Ankara'da 15 Temmuz gecesi darbe girişimine karşı koymak için Kızılcahamam'dan Cumhurbaşkanlığı Külliyesi'ne giden Mehmet Gülşen, kardeşi Hakan Gülşen ile enişteleri Lütfi Gülşen, F-16 savaş uçağından atılan bombayla şehit oldu. İki oğlunu ve oğlu gibi sevdiğini damadını şehit veren 94 yaşındaki Muzeffer Gülşen evlatlarının mezarını sık sık ziyaret ederek gözyaşı döküyor. Muzaffer Nine, Başkan Recep Tayyip Erdoğan'ın ilçelerine geleceğini her öğrendiğinde çocuklarına hazırlık yaptırıyor. Evlatlarının şehadetinden bu yana devletin en üst kademesinden ziyaretçilerin gelip halini hatırını sorduğunu, kendisini hiç yalnız bırakmadığını söyleyen Muzaffer Nine, "Allah devletimizden razı olsun. Ama benim bir diyeceğim var, Cumhurbaşkanımız gelirse ona söylerim. Ondan başkasına da söylemem" dedi.



"Karanlık gün aklımdan hiç çıkmıyor" diyen Muzaffer nine, o geceyi şöyle anlattı:

'ANA EVLATLARIN ÖLMÜŞ' DEDİLER
O gece Lütfi bana, "Sen yat, ben biraz televizyon izleyeceğim" dedi. Bir süre sonra kalktım baktım ki ışıklar açık kızım evin içinde dolanıyor. "Ne oldu" diye sordum. "Ana Lütfi gitti" dedi. Lütfi gider de Mehmet gitmez mi, Hakan gitmez mi?

Ama ben evde sandım. Hakan güvenlik görevlisiydi, "Uyuyordur" diye düşündüm. Aramayın Hakanımı güzelce uyusun yavrum dedim. Uykudan uyanacak diye kıyamadım, meğer evladım gitmiş. Akşam da kara kara haberleri duydum. Lütfi acaba nerede diyorduk. O gece akşam benim torunlarım geldi köye. "Ne oluyor ki?" dedim, evlatlarımın öldüğünü hiç konduramadım. Oğlum Nizami , "Ana yaraları çok ağır" dedi. "Yaralıyken gelinir mi" diye cevap verdim. "Ana evlatların ölmüş" dedi. Kara günü öyle gördüm. Ertesi gün cenazeleriyle geldiler, kefene koyana kadar gördüm. Hakan'ımın yüzünden öptüm ama hemen çektiler beni, Mehmet'imi hiç göstermediler.
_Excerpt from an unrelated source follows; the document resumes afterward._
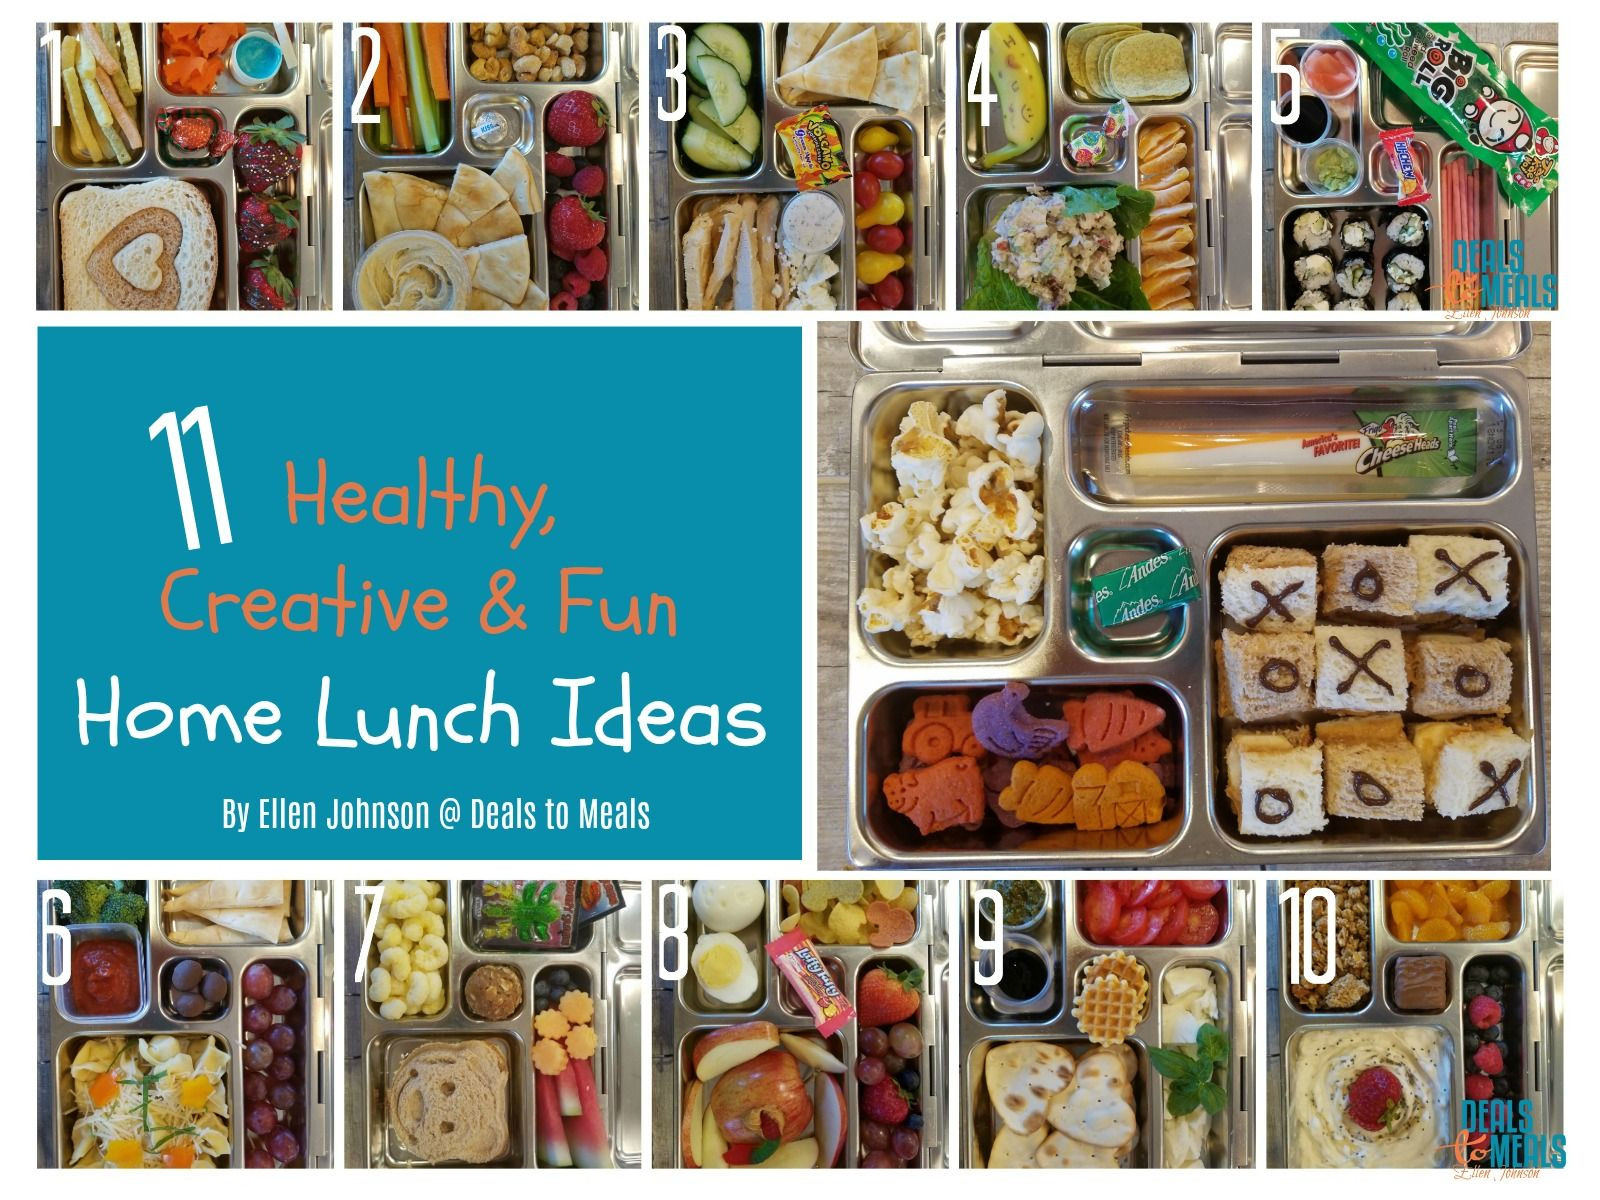 Dinner Ideas For Friends Coming Over
 11 Home Lunch Ideas Healthy Creative and Fun

Ruhum kalbim onların mezarlarında, evde otursam da aklım hep onlarda. Fotoğraflarına bakarak geçiyor günlerim. Hakan, "Annem cennet senin ayağının altında mı" derdi. Allah bir daha yaşatmasın o kara günü. Bazen "Ben ana değilim besbelli, buna dayanılmaz. Ben nasıl dayanıyorum" diye düşünüyorum. "Ne çabuk dünyanızı tükettiniz de gittiniz" derim bazen. Başka yerlerden gelenler yavrularımın mezarını ziyaret ediyor. Bakanlar geliyor, beni ziyaret ediyor. İsimlerini okuduğu okullara verdiler. Hakanımın fotoğrafını okuluna asmışlar.

YEMEĞE GİDECEZ SANDIM ŞEHİT OLMAYA GİDİYORMUŞ
Şehit Lütfi Gülşen'in eşi Menzile Gülşen de şunları söyledi: Her bayramda her 15 Temmuz'da acılar tazeleniyor. Bahçeli bir evimiz var, orada bahçe işleriyle ilgileniyordu. Eşim o gece bayramlıklarını giydi, tıraş oldu. Herhalde yemeğe falan gideceğiz diye düşündüm. Ama şehit olmaya gidecekmiş ben nereden bileyim? En son 5'i 20 geçe konuştuk, Külliye'nin önündelerdi. 6'yı 20 geçe şehit oldular. Sabah namazını kılmışlar, oradan çıkınca vuruldular. Saatlerce aradık, bulamadık. Acılarımız dinmedi ama bununla yaşamayı öğrendik. İyi ki devletimiz var, devletimize bir şey olsa ne olacaktı? O hainlerin savunmalarını okuyorum. Onları bizden alan bombayı atan hain, mahkemede "Ben onların ekmeğini yedim, yap dediler yaptım, görevimdi pişman değilim" diyor.